Certain conventions governed the thinking regarding the God or the gods or to spirits. Gods and spirits, it was held, were themselves rational, or bound by rational principles, it was possible for humans to uncover the rational order of the world. Faith in the ultimate rationality of the creator or governor of the world has actually stimulated original scientific work by many. Kepler’s laws, Newton’s absolute space, and Einstein’s rejection of the probabilistic nature of quantum mechanics were all based on theological, not scientific, assumptions. For many, the ultimate intelligibility of nature has seemed to demand some rational guiding spirit.
Science, then, is to be considered as knowledge of natural regularities that is subjected to some degree of experimental rigour and explained by rational causes. Nature is known only through the senses. The invention of such instruments as the telescope, the microscope, and the Geiger counter has brought an ever-increasing range of phenomena within the scope of the senses. The progress of science is aided by these various instruments that increase the ability of man to sense.
Science, as explained above must have made its appearance before writing. It is necessary, therefore, to infer from archaeological remains what was the content of that science that was discovered before the age of writing. From cave paintings etc. it was concluded that prehistoric humans were close observers of nature who carefully tracked the seasons and times of the year. About 2500 bce there was a sudden burst of activity that seems to have had clear scientific importance. Great Britain and northwestern Europe contain large stone structures from that era (the most famous of which is Stonehenge on the Salisbury Plain in England) that are remarkable from a scientific point of view. They reveal technical and social skills of a high order. Their layouts suggest a degree of mathematical sophistication. Stonehenge and other megalithic structures are apparently constructed on the basis of mathematical principles that includes knowledge of the famous Pythagorean theorem that the square of the hypotenuse of a right triangle is equal to the sum of the squares of the other two sides. Now it can be said that this theorem, or at least the Pythagorean numbers that can be generated by it, are known throughout Asia, the Middle East, and Neolithic Europe two millennia before the birth of Pythagoras.
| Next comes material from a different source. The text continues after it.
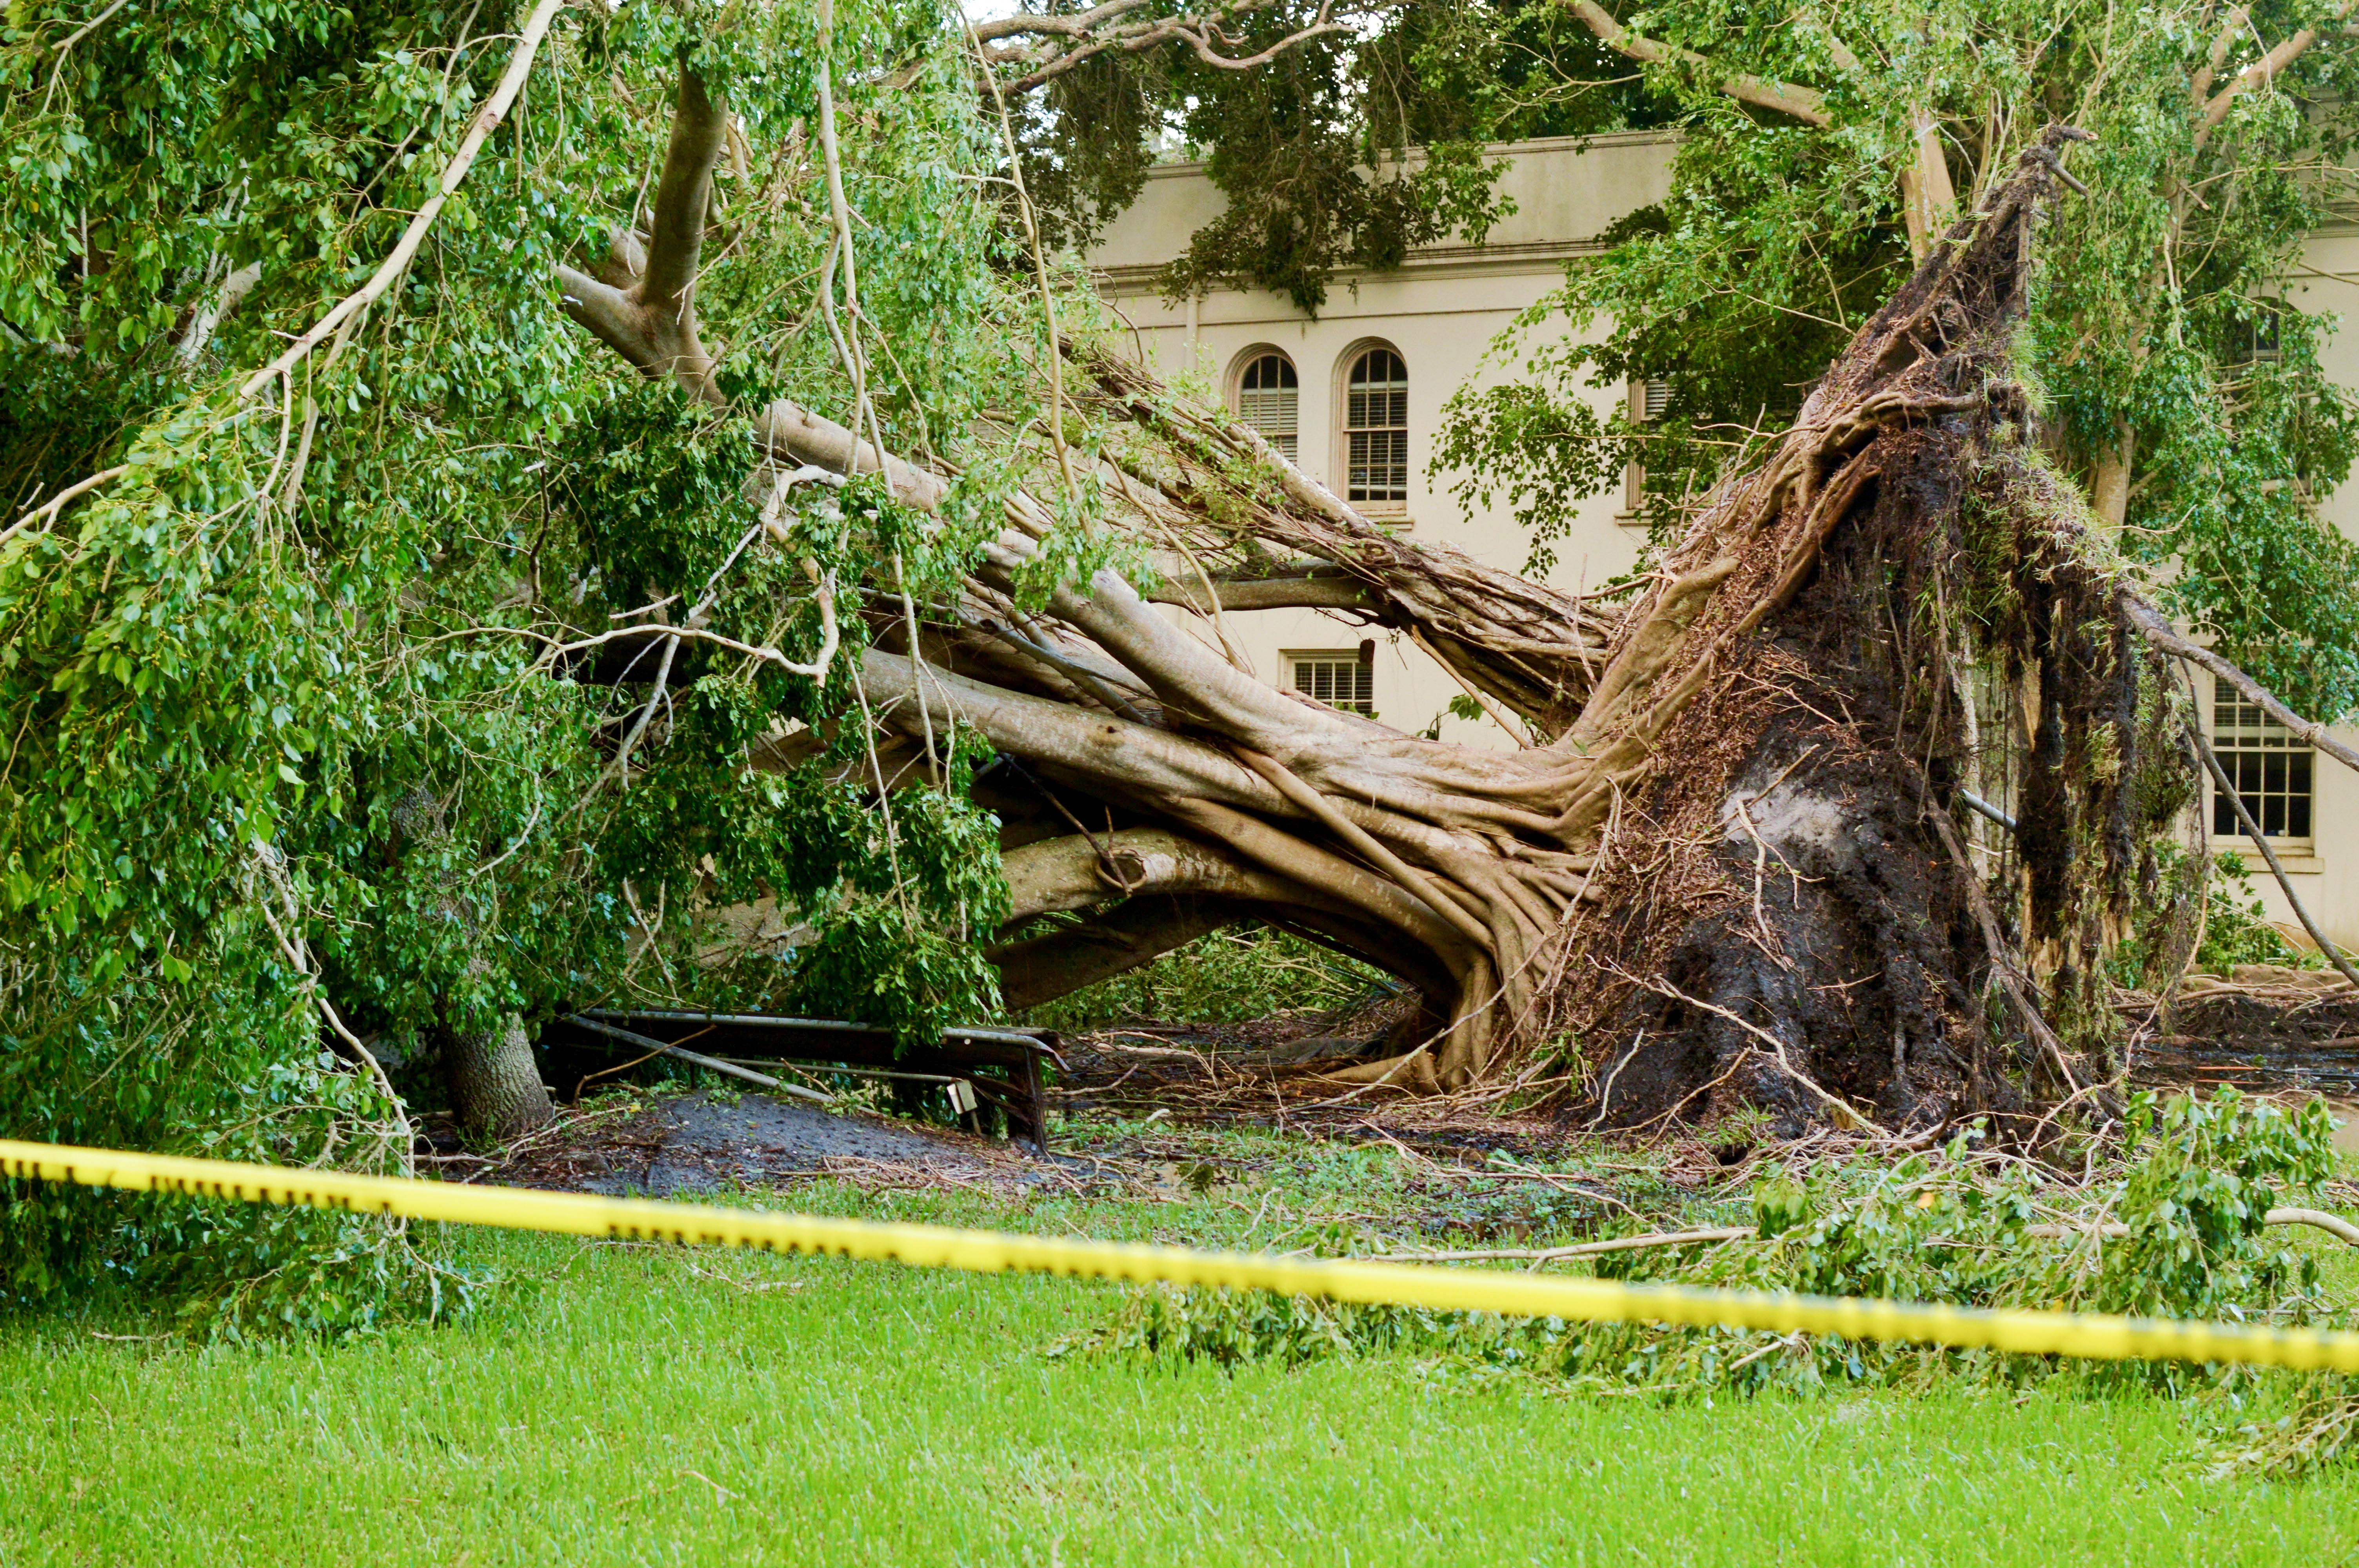 New College survives Hurricane Irma

The combination of religion and astronomy was fundamental to the early history of science. The sky with the clearly discernible order and regularity of most bodies in it highlighted by extraordinary events such as comets and novae and the peculiar motions of the planets, obviously was an irresistible intellectual puzzle to early mankind. In its search for order and regularity, the human mind seized upon the sky and its bodies to develop the understanding of its working. Astronomy remained the queen of the sciences for the next 4,000 years (beginning with 2500 bce)
Hellenic Science
The first natural philosopher, according to Hellenic tradition, was Thales of Miletus, who flourished in the 6th century bce. He tried to explain all observed natural phenomena in terms of the changes of a single substance, water, which can be seen to exist in solid, liquid, and gaseous states. Thales advocated that the guarantee for the regularity and rationality of the world was the innate divinity in all things that directed them to their divinely appointed ends. This idea gave birth to two characteristics of classical Greek science. The first was the view of the universe as an ordered structure (the Greek kósmos means “order”). The second was the conviction that this order was not that of a mechanical contrivance but that of an organism; all parts of the universe had purposes in the overall scheme of things, and objects moved naturally toward the ends they were fated to serve. Thales' own disciple, Anaximander, was argued that water could not be the basic substance as dry things that are observed in the world cannot be produced from water. Thus, the birth of the critical tradition that is fundamental to the advance of science has started.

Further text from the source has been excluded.